Each line below is to be copied exactly; images do not go into the copy.

── Supplied material

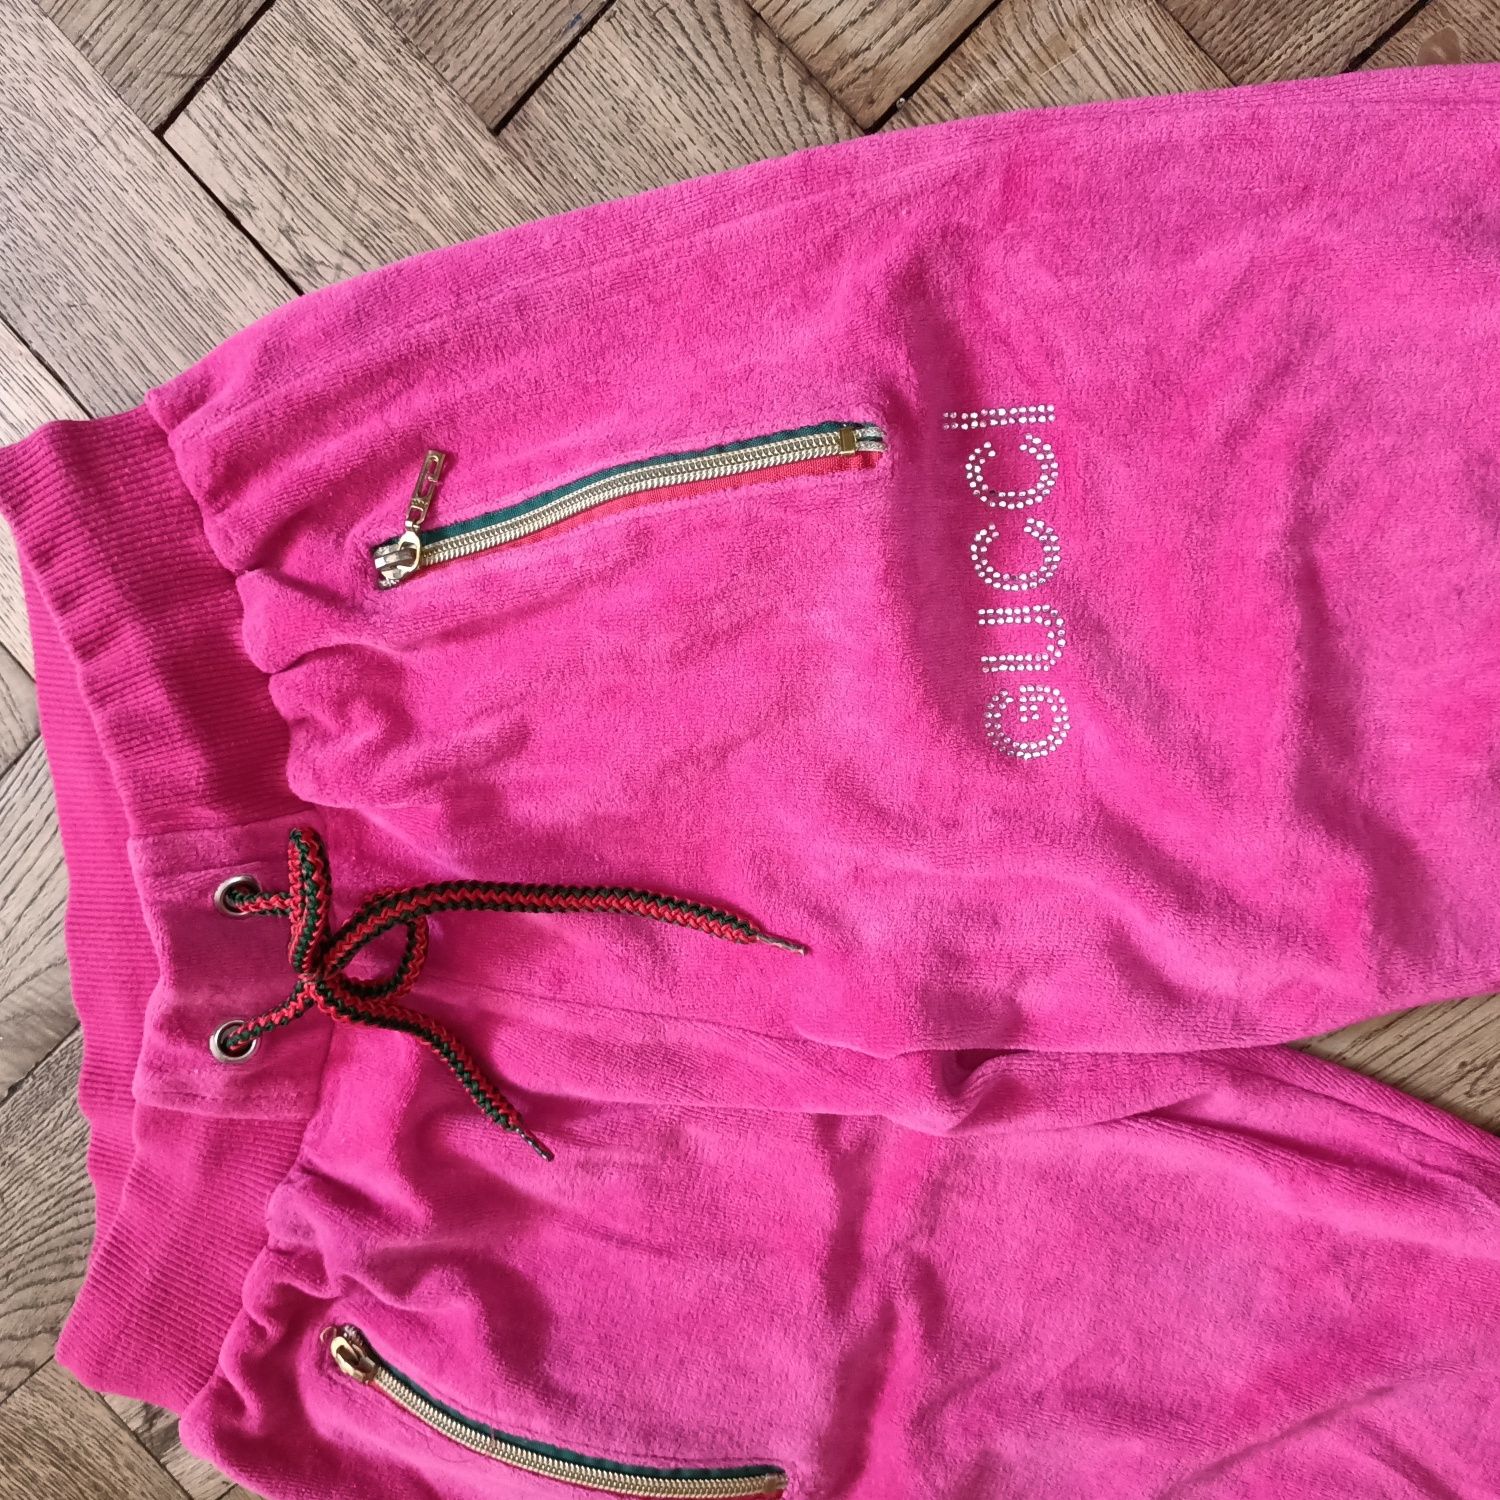 Spodnie dresowe Gucci dresy różowe welurowe damskie sportowe S/M 36/38
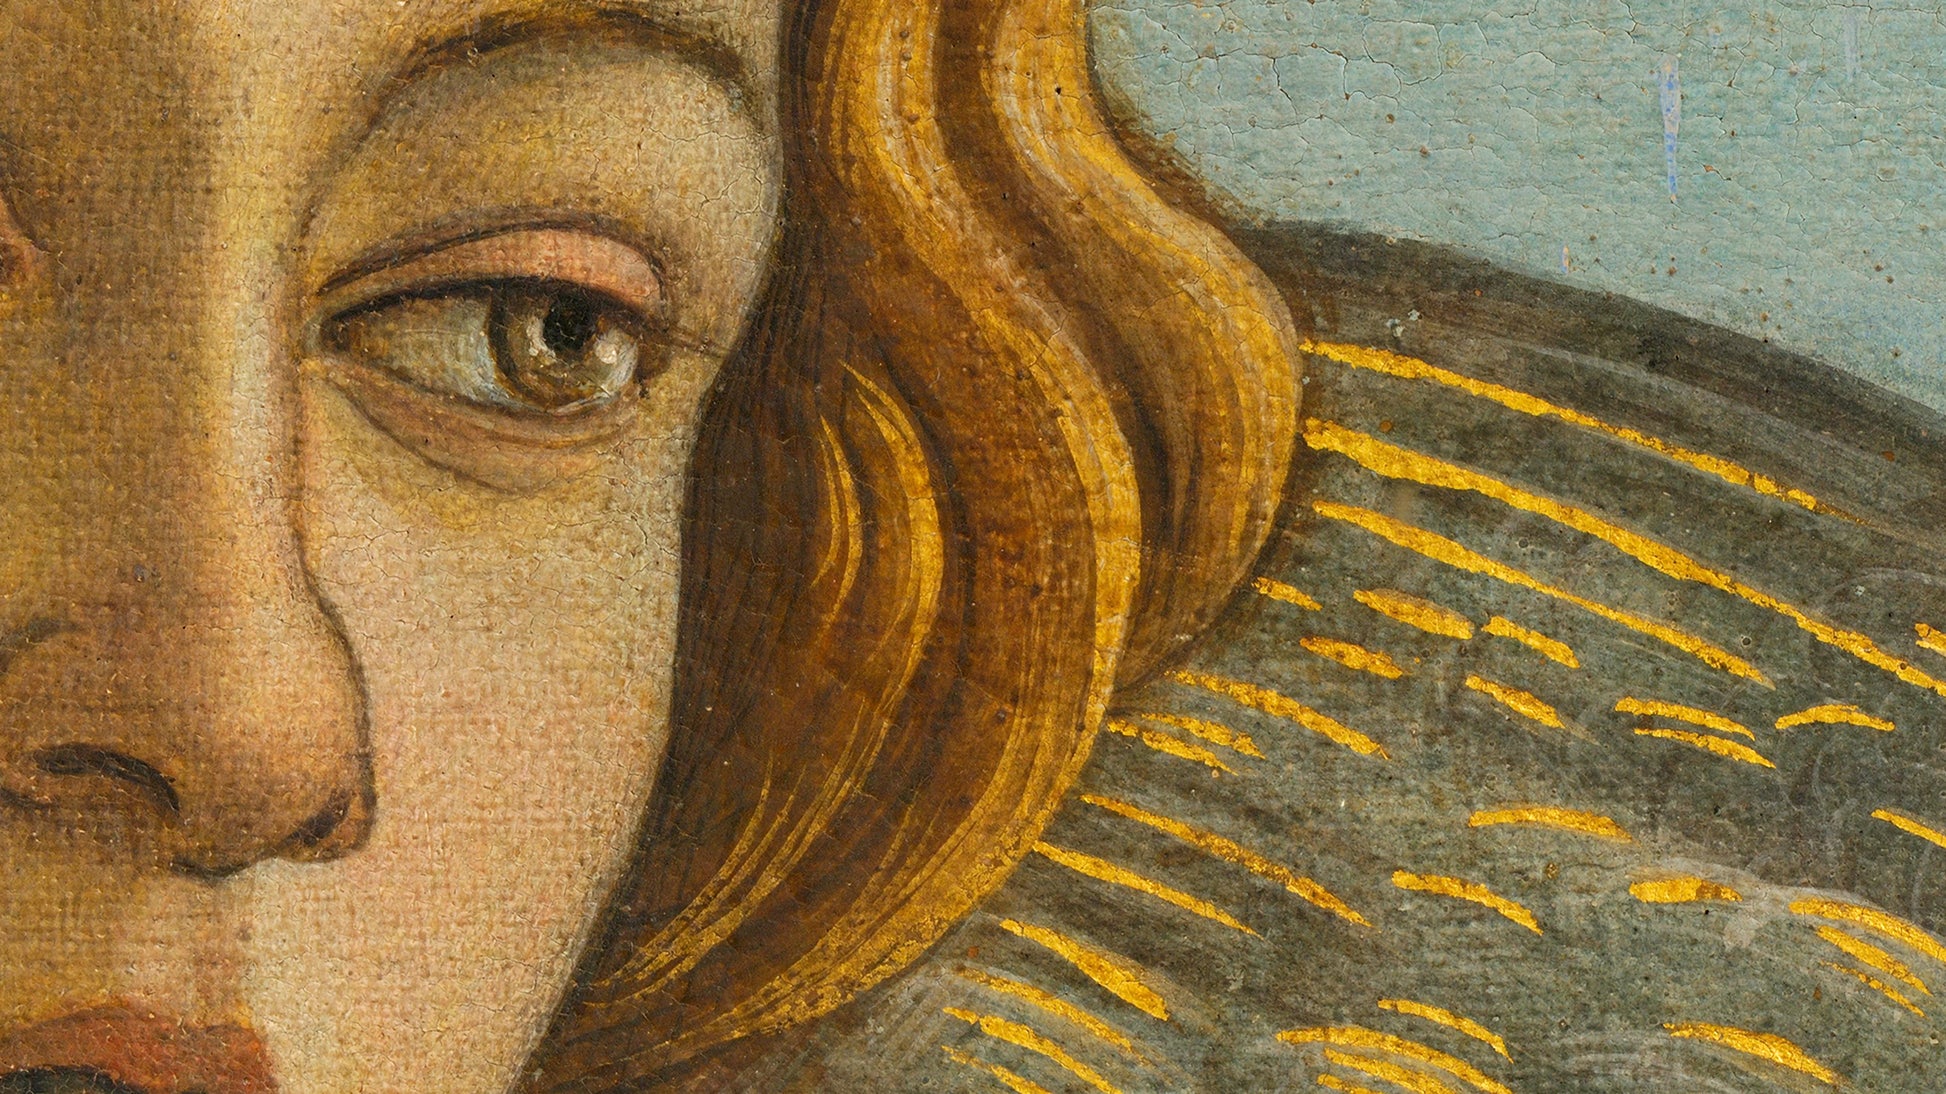 Detal twarzy Wenus z dzieła 'Narodziny Wenus' Botticellego, z wyjątkową precyzją detalów i kolorów, osiągniętą dzięki technologii DECOMURA AI
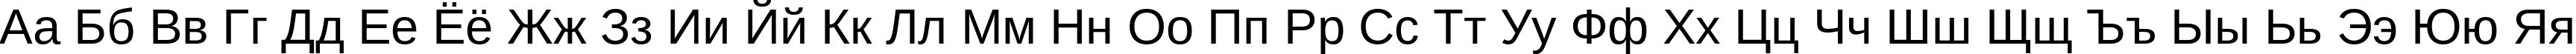 Пример написания русского алфавита шрифтом Arimo
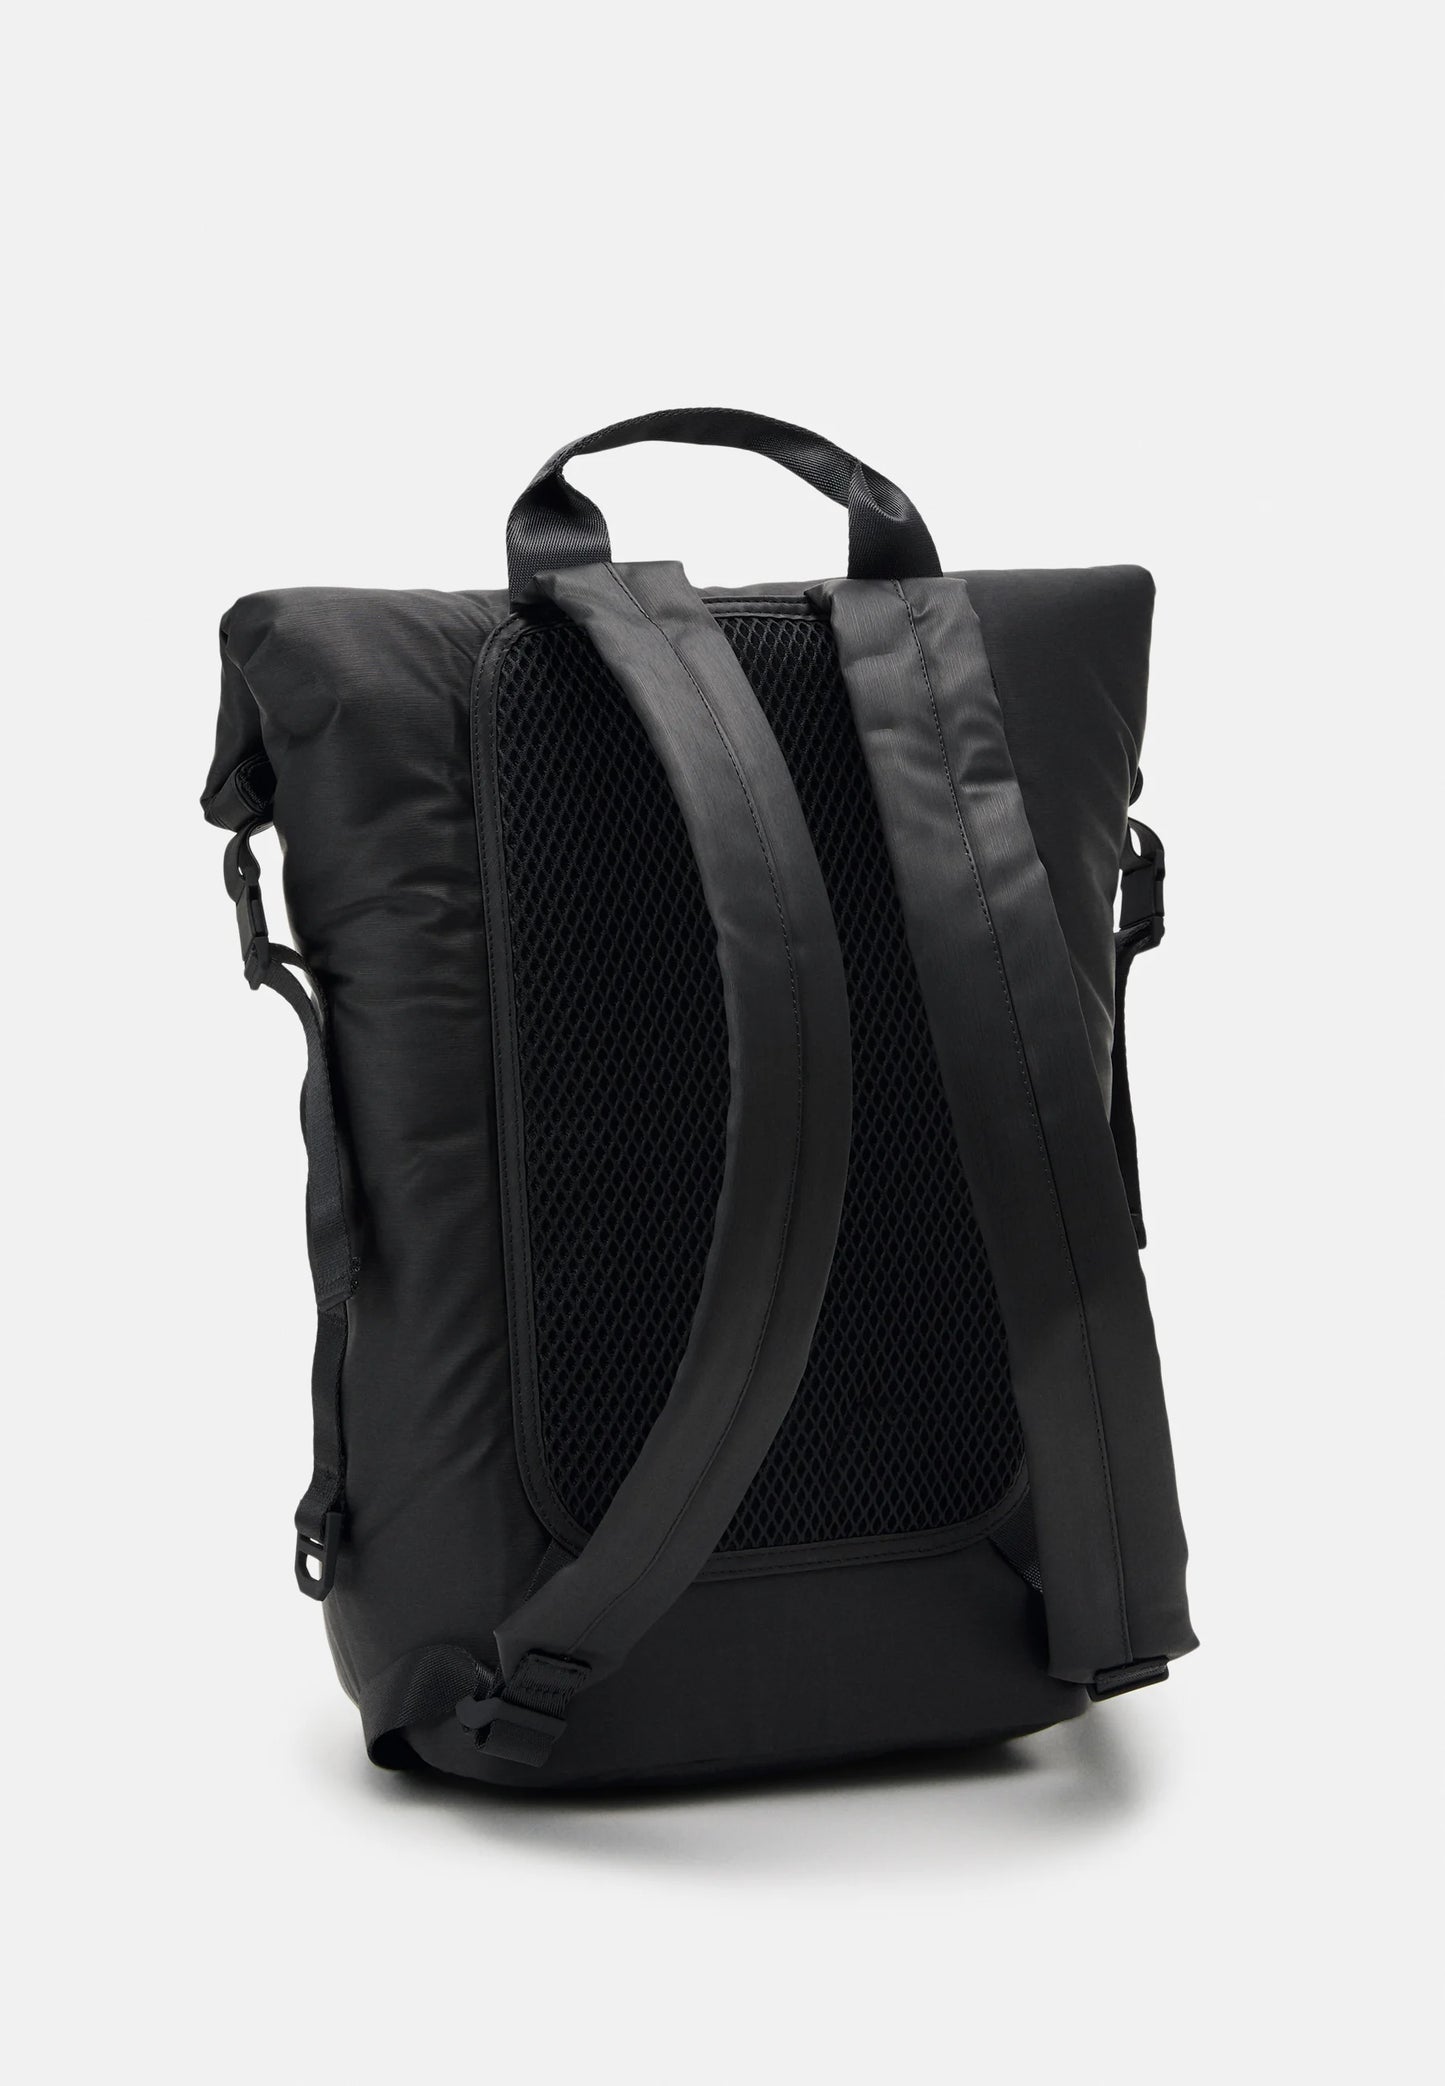 RAINS BATOR PUFFER black backpack

────

Task answer:
 Spodnie dresowe Gucci dresy różowe welurowe damskie sportowe S/M 36/38
 Detal twarzy Wenus z dzieła 'Narodziny Wenus' Botticellego, z wyjątkową precyzją detalów i kolorów, osiągniętą dzięki technologii DECOMURA AI
 Пример написания русского алфавита шрифтом Arimo
 RAINS BATOR PUFFER black backpack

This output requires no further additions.